NSV -- Attitude Change Spreads to Other Things [Long Post]
A few months ago I was remembering a cheat I had in Hawaii--coconut ice cream. It became a craving. I finally gave up and drove through a Braum's and thought I'd get a single scoop (and count it on MFP) but they didn't have anything like that. They had German Choc which had coconut, but that wasn't the same.
And so I drove away without getting anything.
This was a major big effing deal for me, not getting another flavor.
But I crossed a major milestone for me--I'd given myself permission to splurge (and acknowledge it honestly) but if I couldn't have what I craved, I had no desire for a substitute. My sleeve and my loss of true hunger and the habits I'd been building for several months had resulted in me not even WANTING some other ice cream. Couldn't have coconut? Well, in that case, I'd rather go home and get some SF Peach flavored Greek Yogurt. (Which I love.)
I've since gotten SF Coconut Torani.
Later I did find a place that had coconut ice cream and I did get it three different times. But that place is now gone and I'm find without it, and I haven't gone after any other ice cream.
(I have to admit I also learned not to keep ice cream in my freezer because even though it's not usually a trigger for me, after having some for weeks that nobody else had eaten, one day I suddenly found myself eating it. Threw that sucker AWAY.)
So I'm not saying I'm perfect. I'm saying that the sleeve and the loss of hunger have allowed me to build new "muscles" -- the kinds of mental muscles that can go, "meh, never mind" in the face of sometthing that would have been a no-brainer, no-thinker, no-guilter prior to the sleeve. "No coconut? Okay, I'll take ____ instead." Because once I gave myself permission to cheat, there was no reason not to.
Except that I didn't want it.
I can't begin to express what a big deal this was and continues to be. Yes, there are times when I do want something and do struggle, but they are not often, and this is because of my sleeve and my own commitment to eating properly 98% of the time. And it works.
But it is spreading to other parts of my life, finally. When culling out my closet and drawers (again) I started trying on everything I had that I still could wear. I had seen an article with pictures by somebody who had decided she had to wear everything in her closet last year, at least once, and if she wouldn't wear it for any reason, it had to go out the door. She was talking about wearing it out the door to work or play.

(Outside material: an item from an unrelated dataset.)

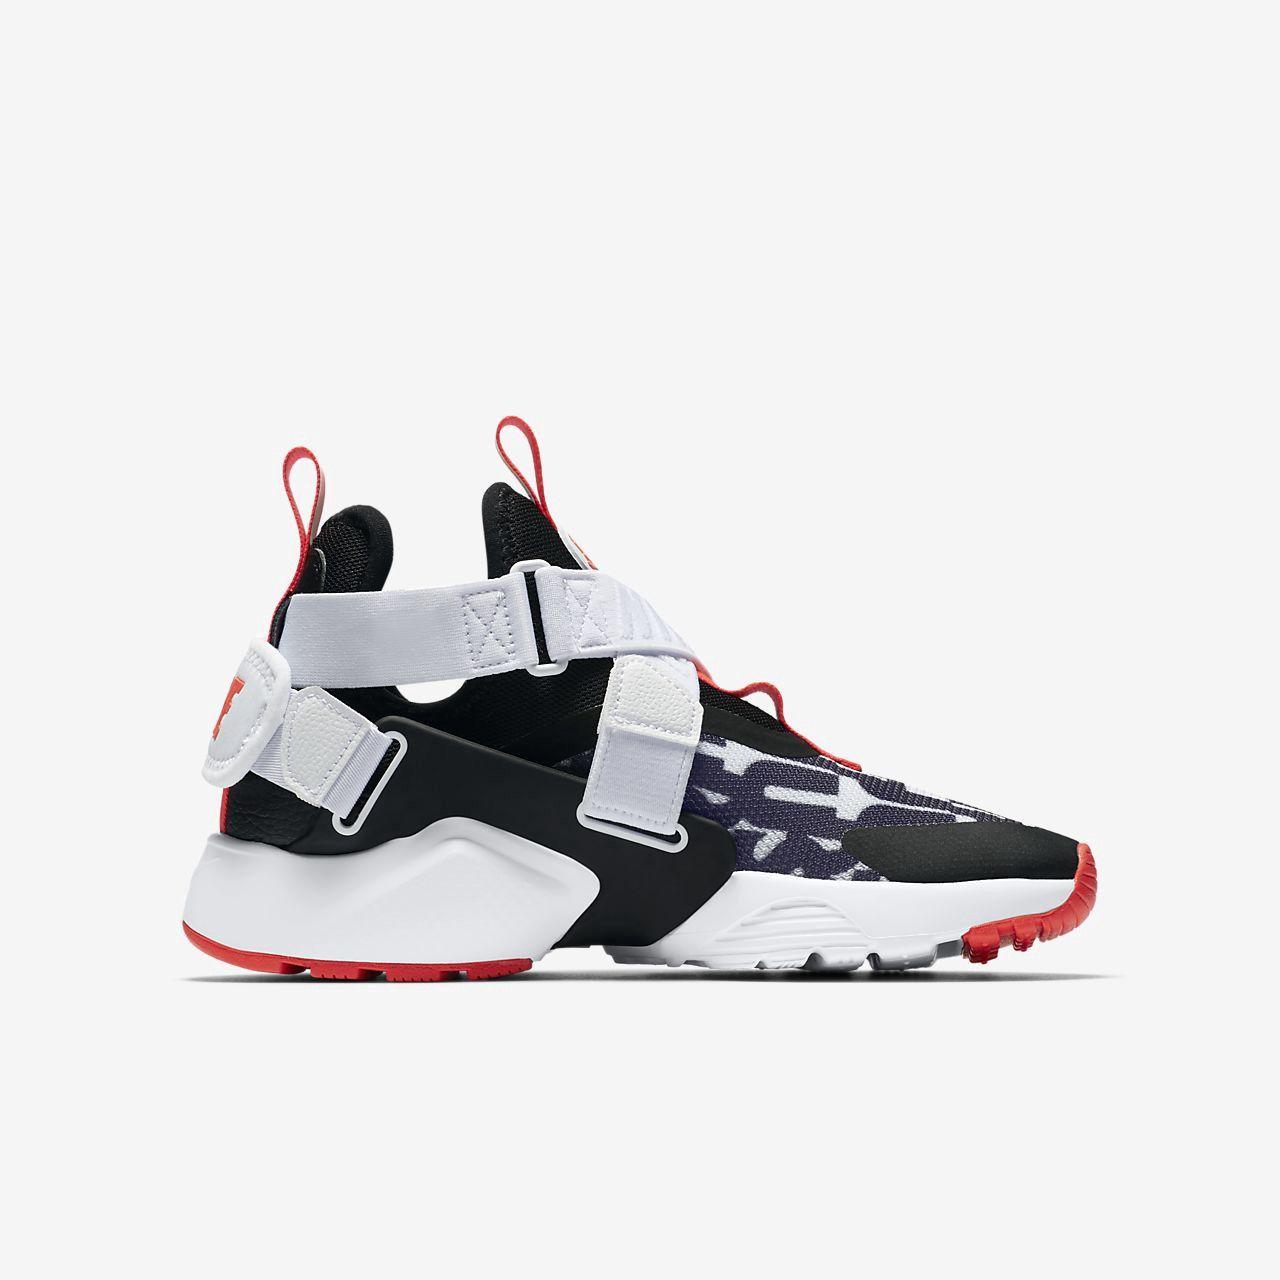 b08d2c8b3e4b Nike Huarache City Jdi Premium Big Kids  (Boys ) Shoe - 3.5Y Crimson ...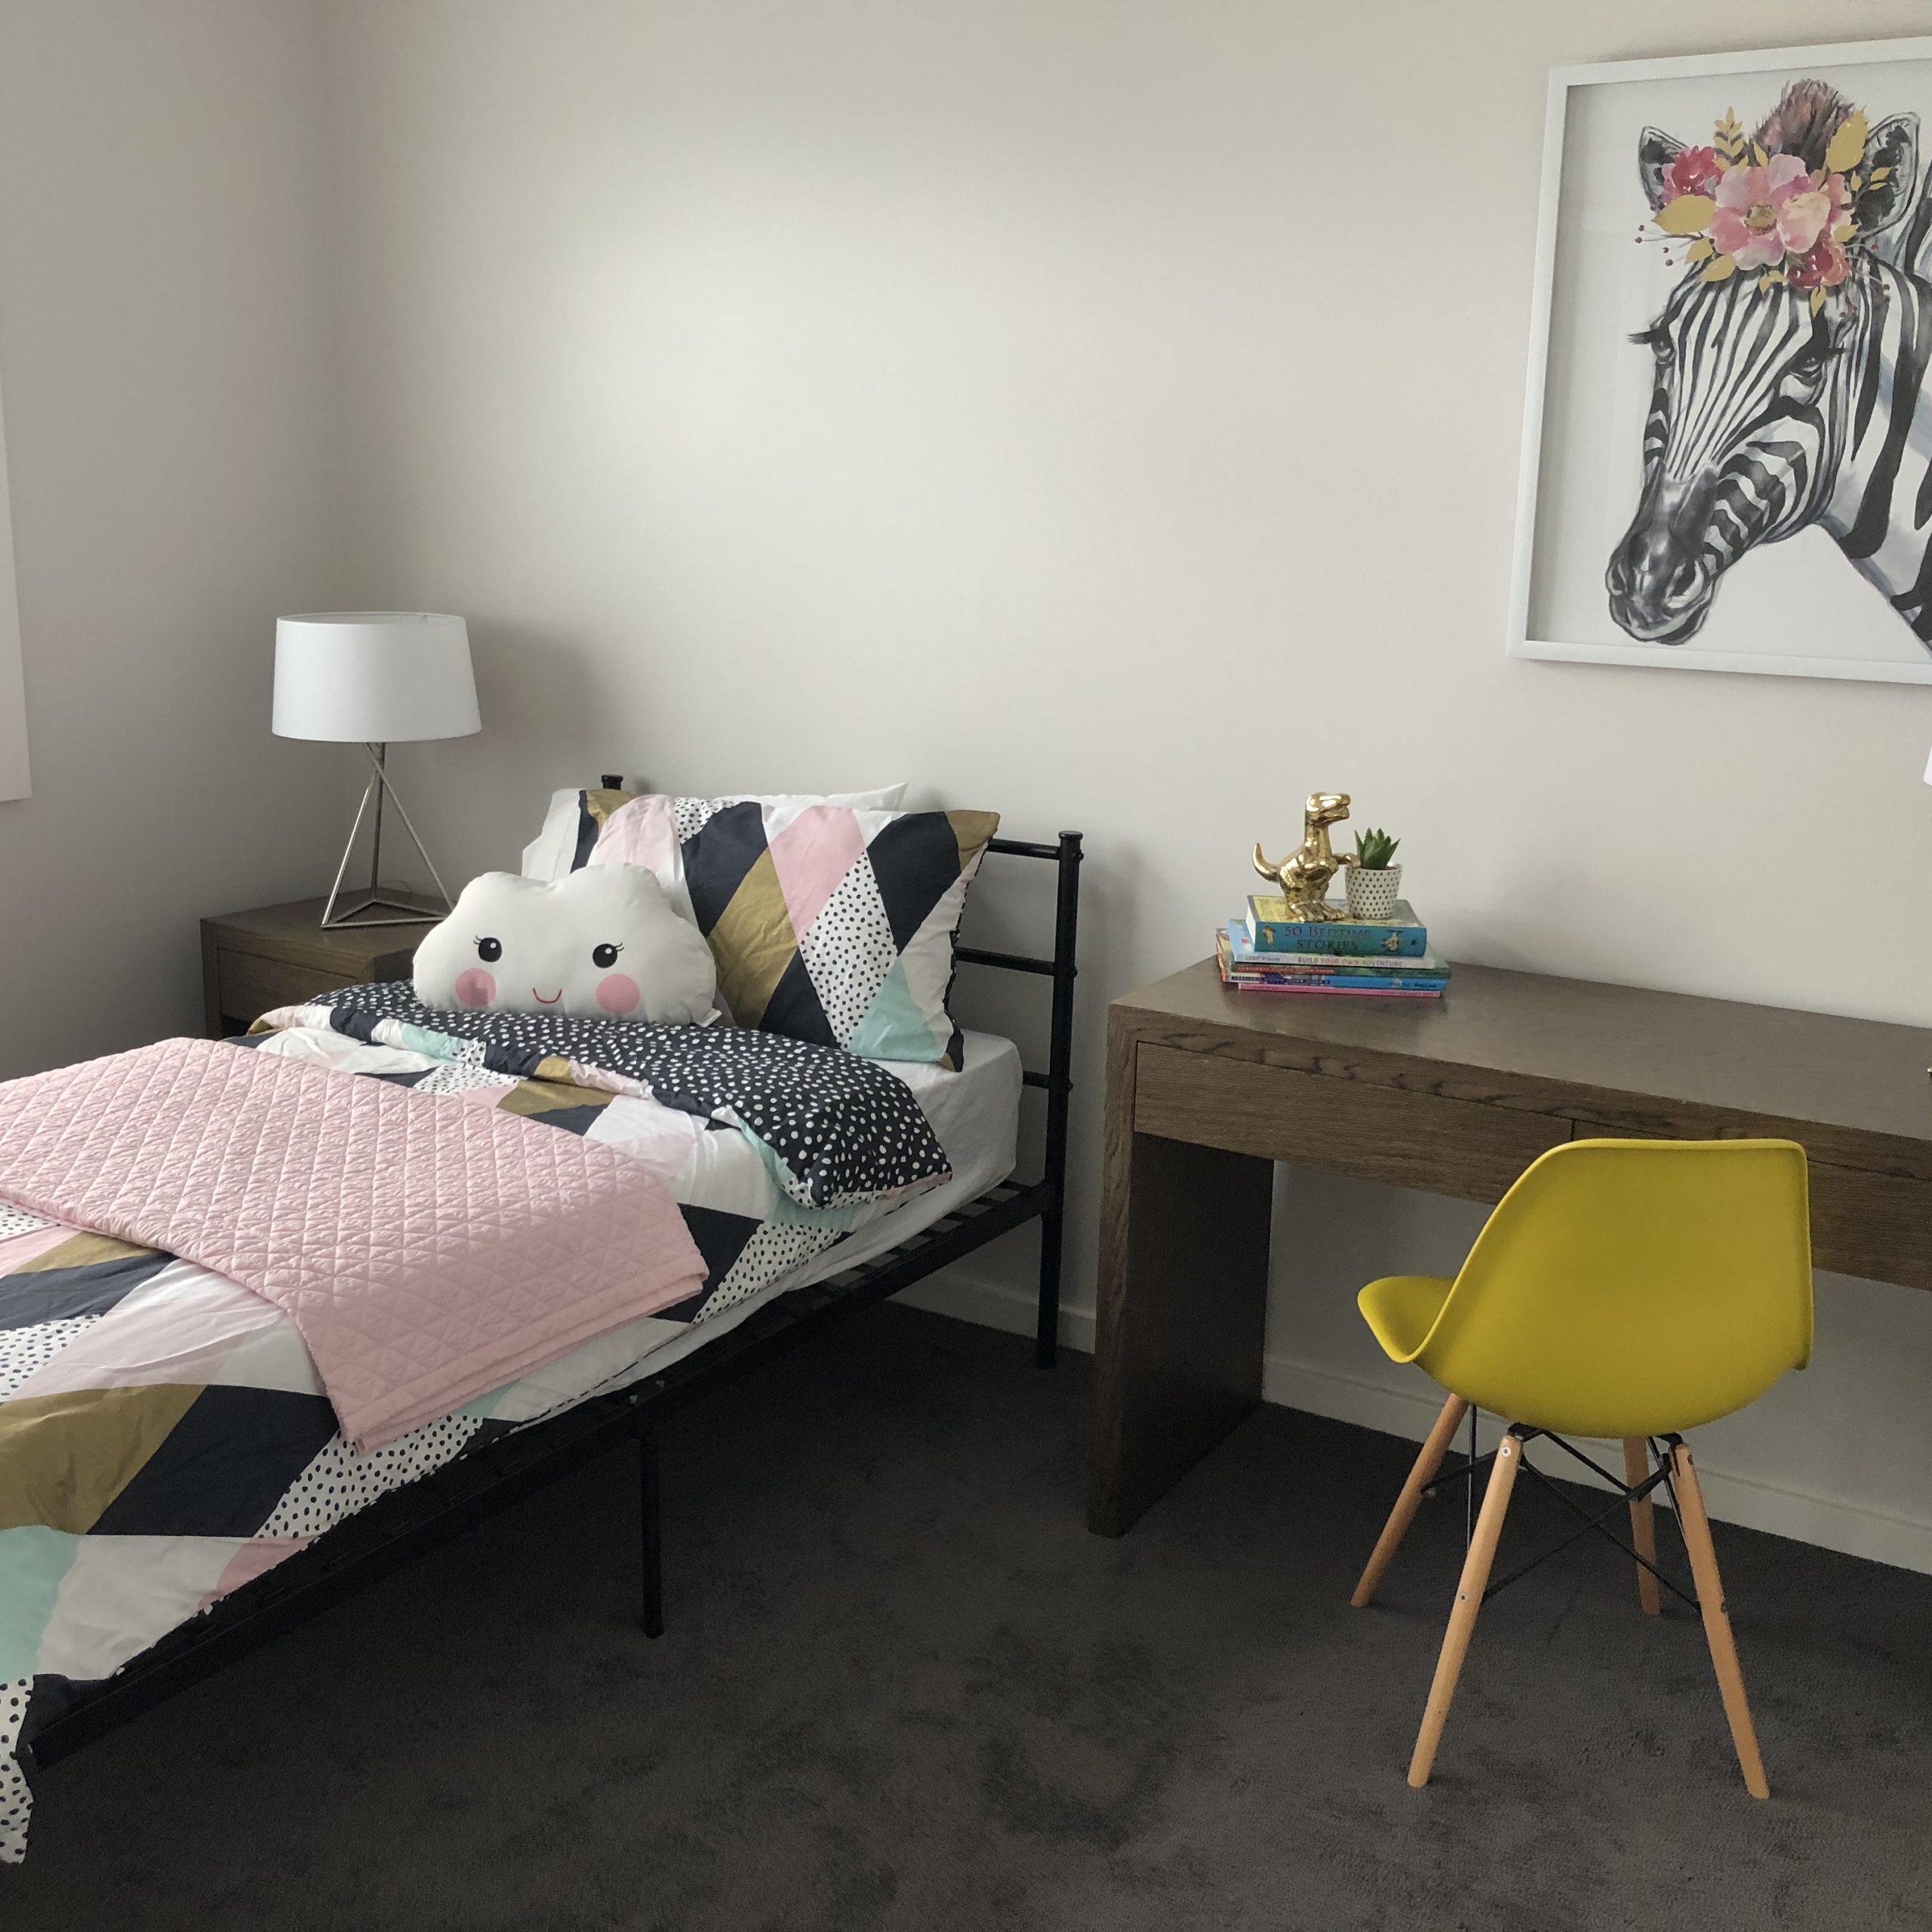 children's bedroom - Melbourne Interior Design - Leeder Interiors

I just decided I was going to put stuff on in front of the mirror, maybe combine with different pants or shoes. What I discovered when I started doing this was that my closet had stuff that I could wear but that I didn't really like that much. I'd bought it when I was losing and saw a good deal (or maybe just wanted to buy something new) but when I really started looking I thought, this blouse doesn't show my weight loss. It's the kind of blouse I wore to hide my body and it makes me feel like I'm still hiding. That's just one example, but it was my most typical reason for deciding to get rid of something--that I'd bought it in a burst of exurberance when I could wear smaller sizes and the more I looked at it actually on me, the more I realized I didn't want to wear it if I had other things available--and I did have other things available that I liked to wear, once I got the extra stuff out of the way so I could see what I had.
I have a big bag of clothes on its way to charity right now, and a beautiful, organized closet (wow). And a very short list of a few things I'd like to have, when I find exactly what I want, but no desire to take off surfing the net looking for more "stuff" unless it's exactly what I want.
And guess what else. I've decided to wear skirts. I've lived in jeans for years, but now I have decided that I like myself so much in just-above-the-knee skirts I'm going to wear them more often, even when grocery shopping. (Have my eye on a khaki pencil skirt and will get some espadrilles later this spring.)
To take it one step further, I bought a few closet organizing things, and while I was out I wandered through World Market and Pier One (I love exotic, bohemian stuff) and saw a lot of bargains, deep deep price cuts on cute things that a year ago I would have snatched up and brought home.
And I didn't buy a thing, because nothing was perfect. Nothing filled a need, nothing was exactly what I had been looking for, even a chair I'd had my eye on was on sale but when it came right down to it, I wasn't sure it was what I wanted, after all. (And I guarantee you, a year ago I would have bought it.)
Is this what is called self control? Hello, stranger. Where have you been all my life?
Whatever it is, I love it, and it started with the sleeve and me learning new lessons about eating, and it seems, about life.
I think peach is still my fave but I do love me some coconut. I even tried putting real coconut in greek yogurt. Meh.
I don't know how long this state will last but it really does feel like "muscles" strengthening, making it feel more normal to hold out for what I want instead of just nickel-and-diming myself (with food, with "stuff," with clothes).